A naive transcription of the python version would be:
bool foo(std::vector<std::string> const &a,std::vector<std::string> const &b) {
for(auto &s : a)
if(end(b) == std::find(begin(b),end(b),s))
return false;
return true;
}
It turns out that sorting the input is very slow. (And wrong in the face of duplicate elements.) Even the naive function is generally much faster.

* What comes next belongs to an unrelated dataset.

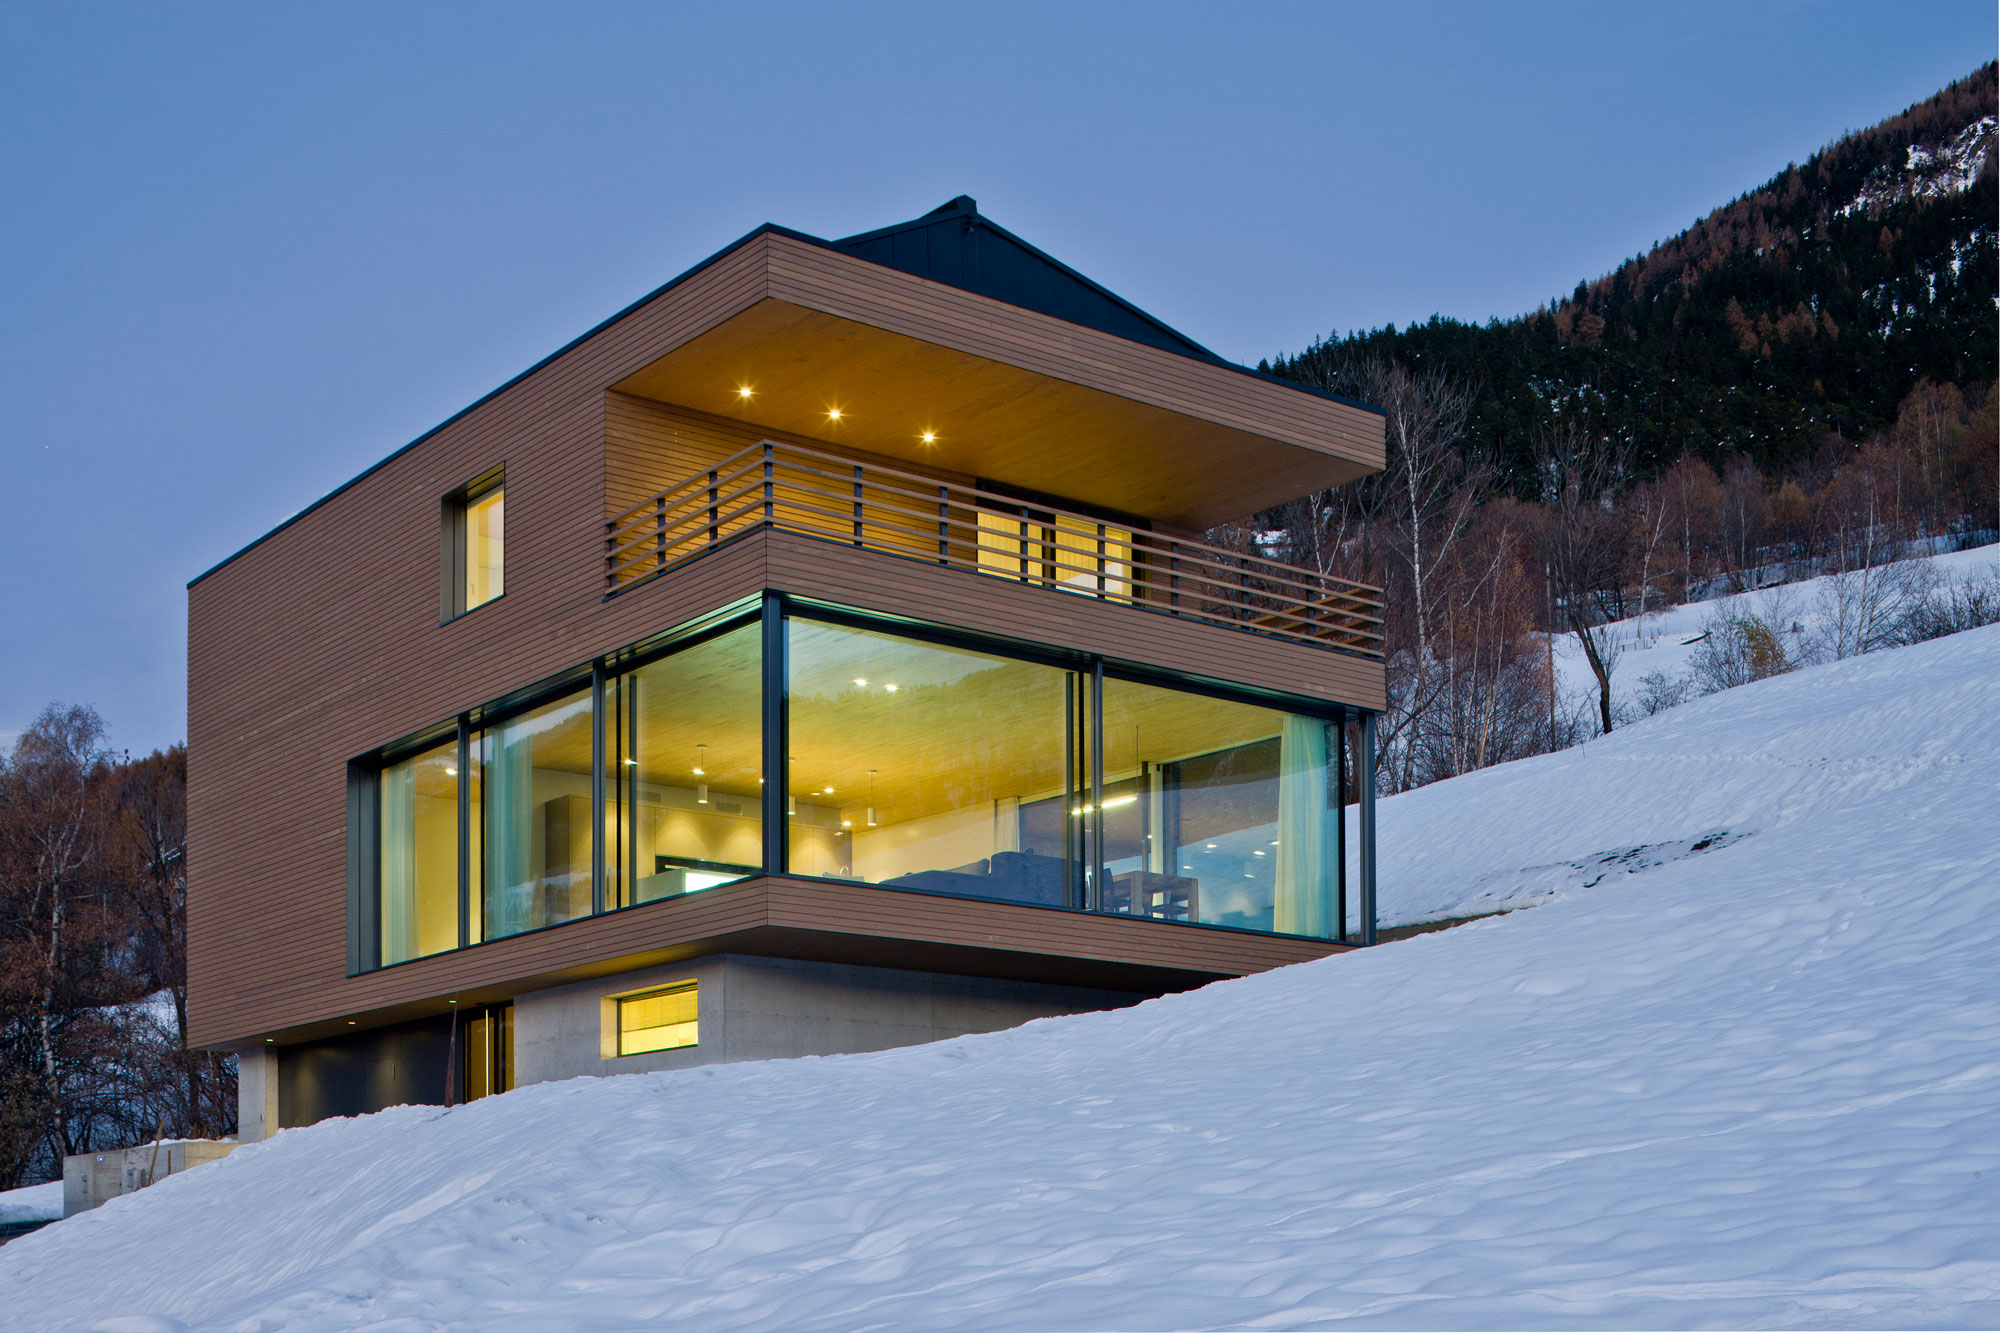 A HI-MACS House In Termen by Zeiter Berchtold-21

Just goes to show again that premature optimization is the root of all evil.
Here's an unordered_set version that is usually somewhat faster than the naive version (or was for the values/usage patterns I tested):
bool foo(std::vector<std::string> const& a,std::unordered_set<std::string> const& b) {
for(auto &s:a)
if(b.count(s) < 1)
return false;
return true;
}
On the other hand, if the vectors are already sorted and b is relatively small ( less than around 200k for me ) then std::includes is very fast. So if you care about speed you just have to optimize for the data and usage pattern you're actually dealing with.